From: Alan Klein (Alan@klein.net)
Date: Sat Nov 03 2001 - 12:53:28 EST


Scott,

Thanks for the info on the Assembly's makeup.

My point was not about how the Assembly has actually functioned, nor about
how parents have actually functioned. My point, which you corroborated when
you say that the Assembly is the body that can change the Bylaws (as versus
the SM), is that, high hurdles notwithstanding, the Assembly COULD indeed
pull the plug. The analogy to the Massachusetts is faulty, since (I assume)
that changes to the Massachusetts Constitution cannot be made by the
legislature alone, even acting unanimously.

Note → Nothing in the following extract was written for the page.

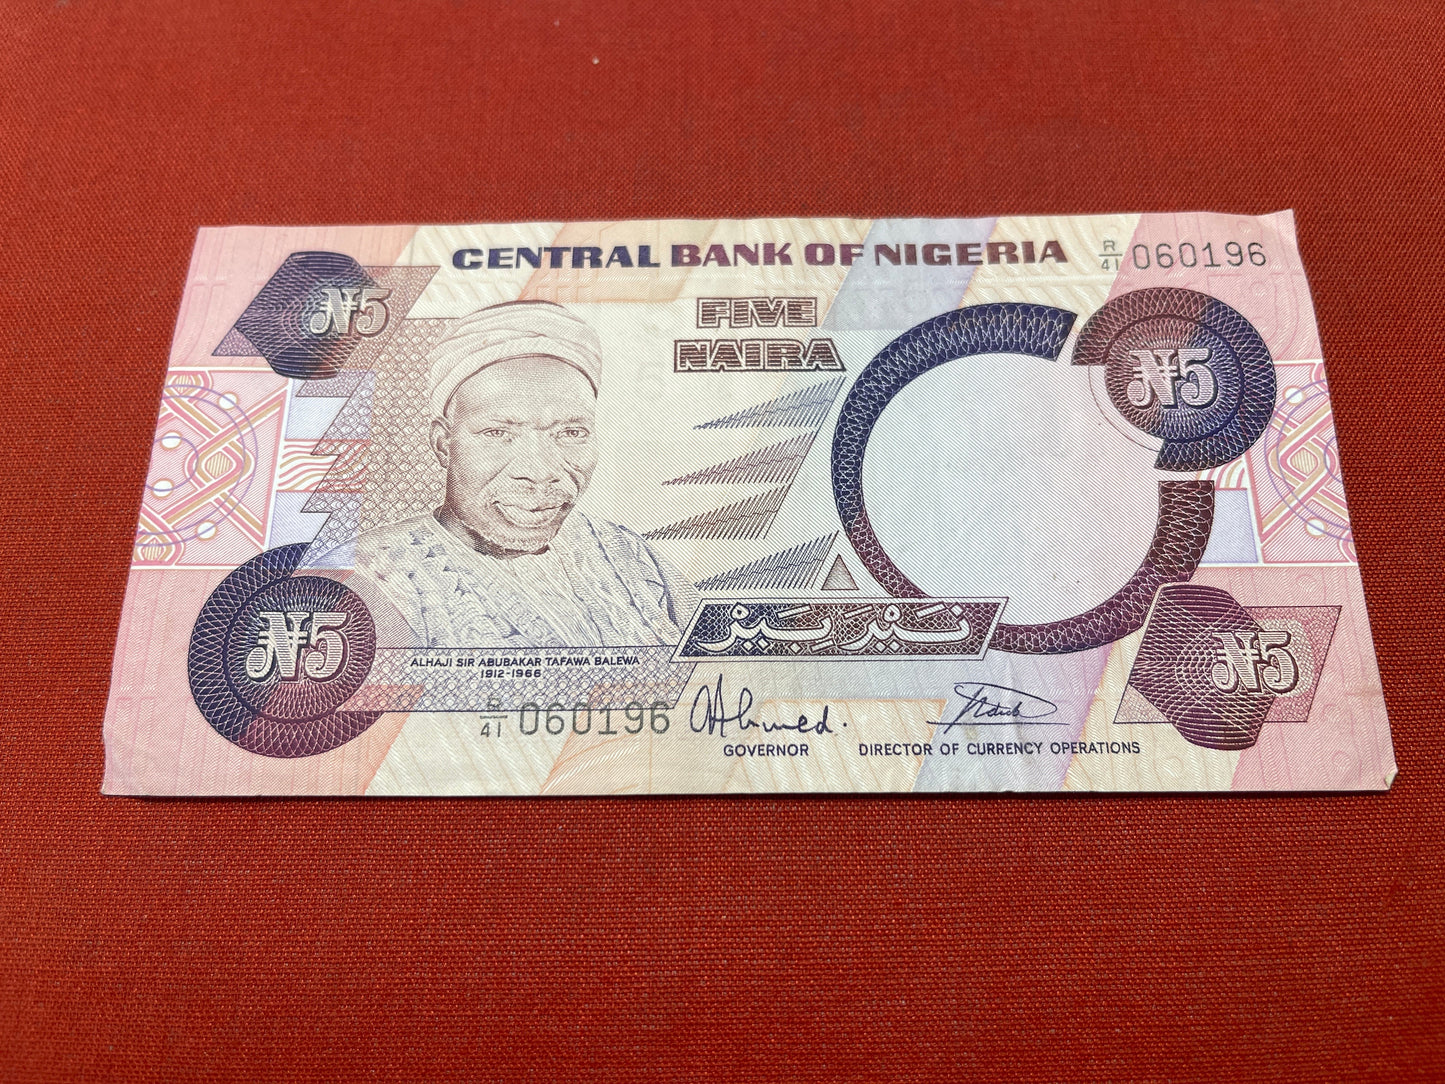 Central Bank of Nigeria 5 Naira Serial 060196 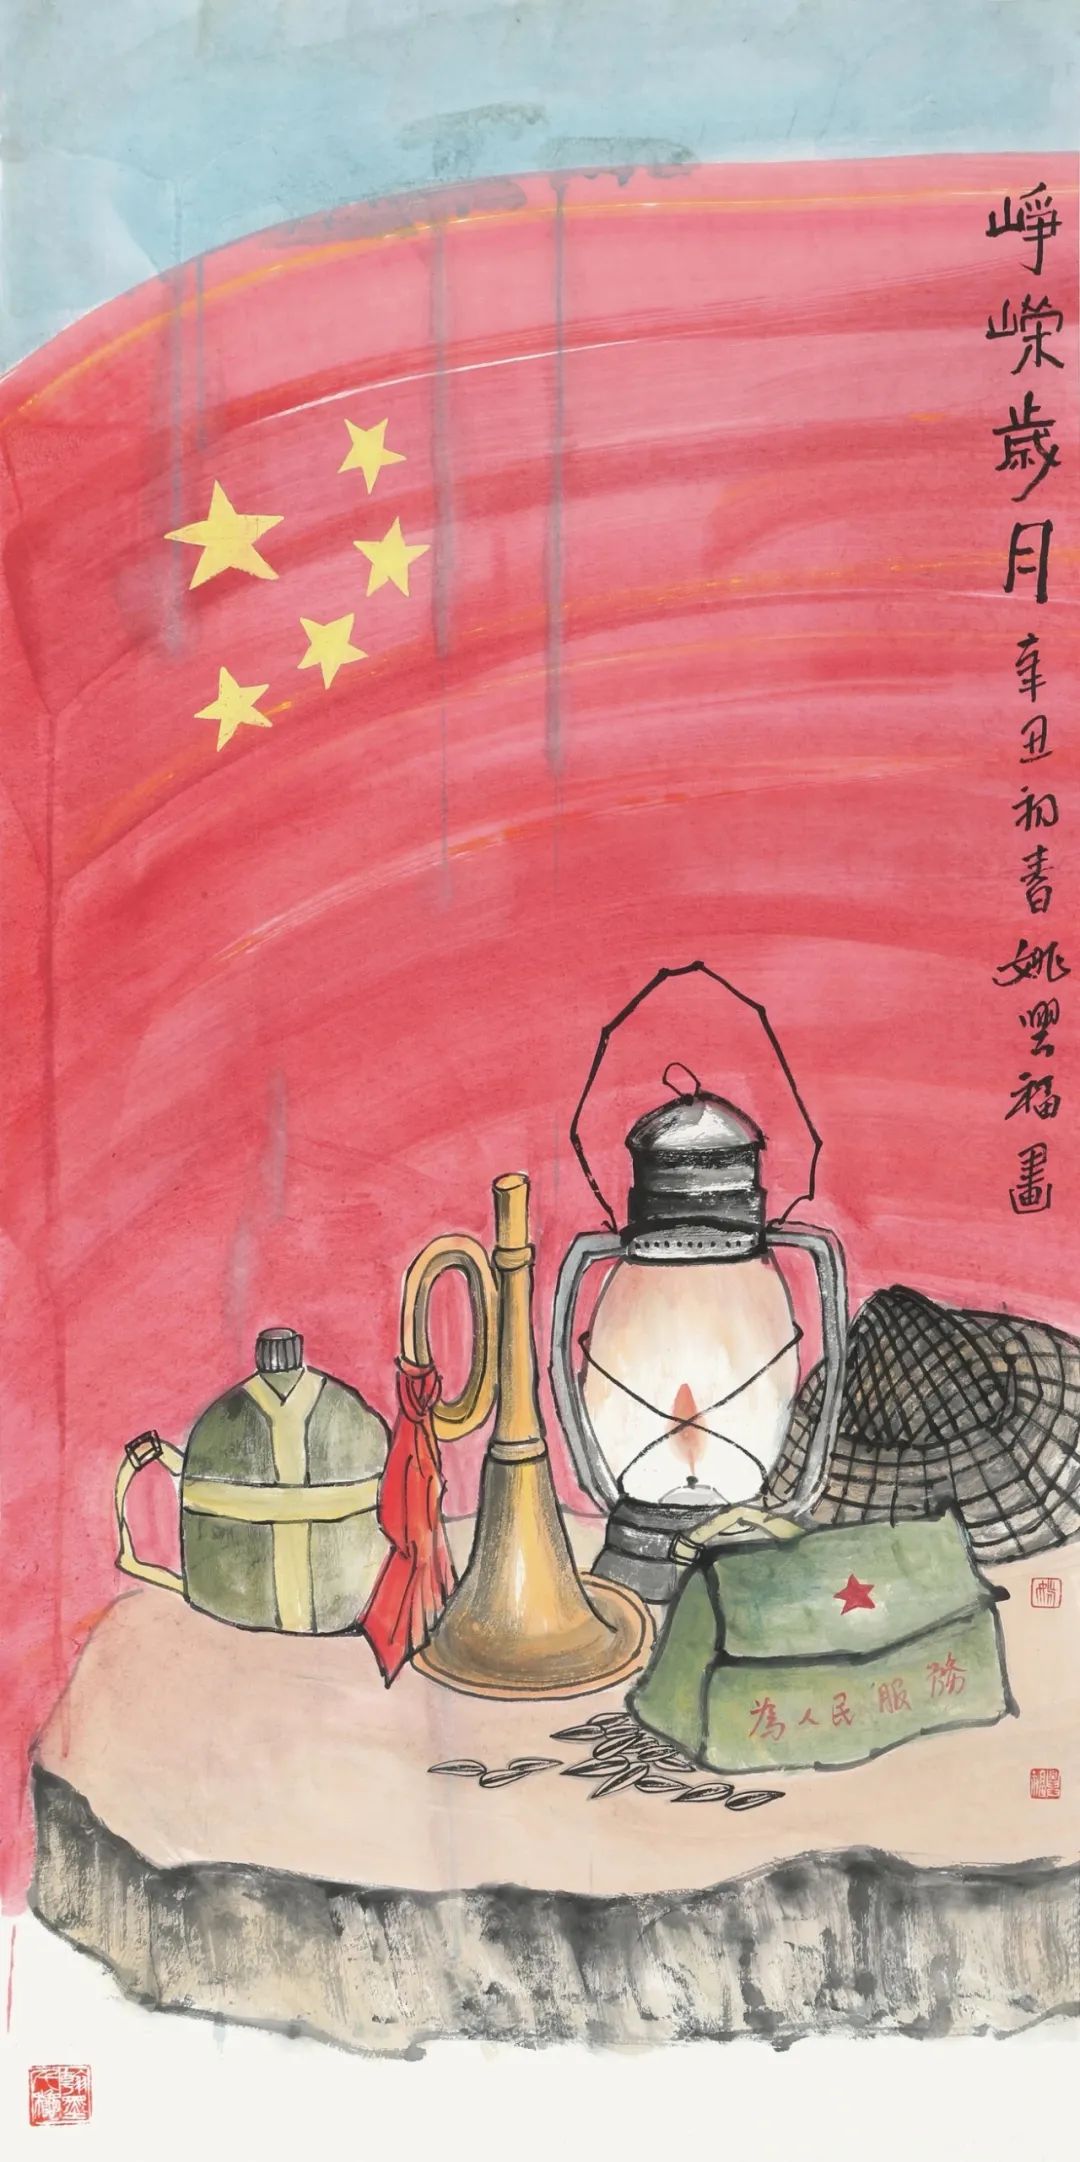 九州上下歌盛世 万点丹青绘宏图——福州民盟庆祝中国共产党成立100周年书画展

The comparison i was trying to draw was this: Often, when someone brings up
their experience doing "almost democracy" in a non-democratic school,
someone else on this list will say something to the effect of, "Yes, BUT you
retained the final authority and the kids knew that they had better make
decisions like you wanted them to or you were going to pull the plug on the
whole thing."

In point of fact, we all function within larger systems, many segments of
which could pull the plug on our democratic schools. Parents could decide
not to support us, local laws could mitigate against us, etc. So long as we
acknowledge these constraints on our power, I don't see that people doing
"almost democracy" in non-democratic schools are lying to anyone, as you
suggested they do when you said, "I can't 'prove' that being systematically
lied to is worse than being forced to make my bed..."

~Alan

----- Original Message -----
From: "Scott David Gray" <sgray@aramis.sudval.org>
> > In fact, it occurs to me to wonder what the age breakdown of the SVS
> > Assembly is, because that's where the Bylaws live and that's from where
the
> > power of the SM flows. I hypothesize that there are more adults in the
> > Assembly than students. If I am correct, just as I could have pulled the
> > plug on the democracy in my classroom, so could the Assembly pull the
plug
> > on SVS's democracy. In either case, the adults have the final veto
power. In
> > fact, leaving the Assembly aside, I daresay that almost all students at
SVS
> > and at other democratic schools are dependent on their parents for
funding.
> > It is the parents, then, who have the final veto power over the freedoms
at
> > democratic schools - no parents equals no students which equals no
school.
>
> I believe that there are more School Meeting members than
> parents at the present (we average almost exactly 2 kids per
> family, there are some 1-parent families, and the SM
> includes staff). However, your reading of the division of
> powers in the school is mistaken. The School Meeting does
> _not_ derive its power from the Assembly -- it derives its
> power from the By-Laws (the same document that the Assembly
> derives its power from).
>
> The division between these two "houses" is very plain. The
> Assembly may discuss broad philosophical issues, vote on the
> award of diplomas, _review_ the budget (it does not author),
> and offer amendments to the By-Laws (requiring a 2/3
> majority). Meanwhile, the SM is responsible for all
> day-to-day operations of the school, including the hiring
> and firing of the staff, the authoring of the budget, the
> school rules and the administration of the school.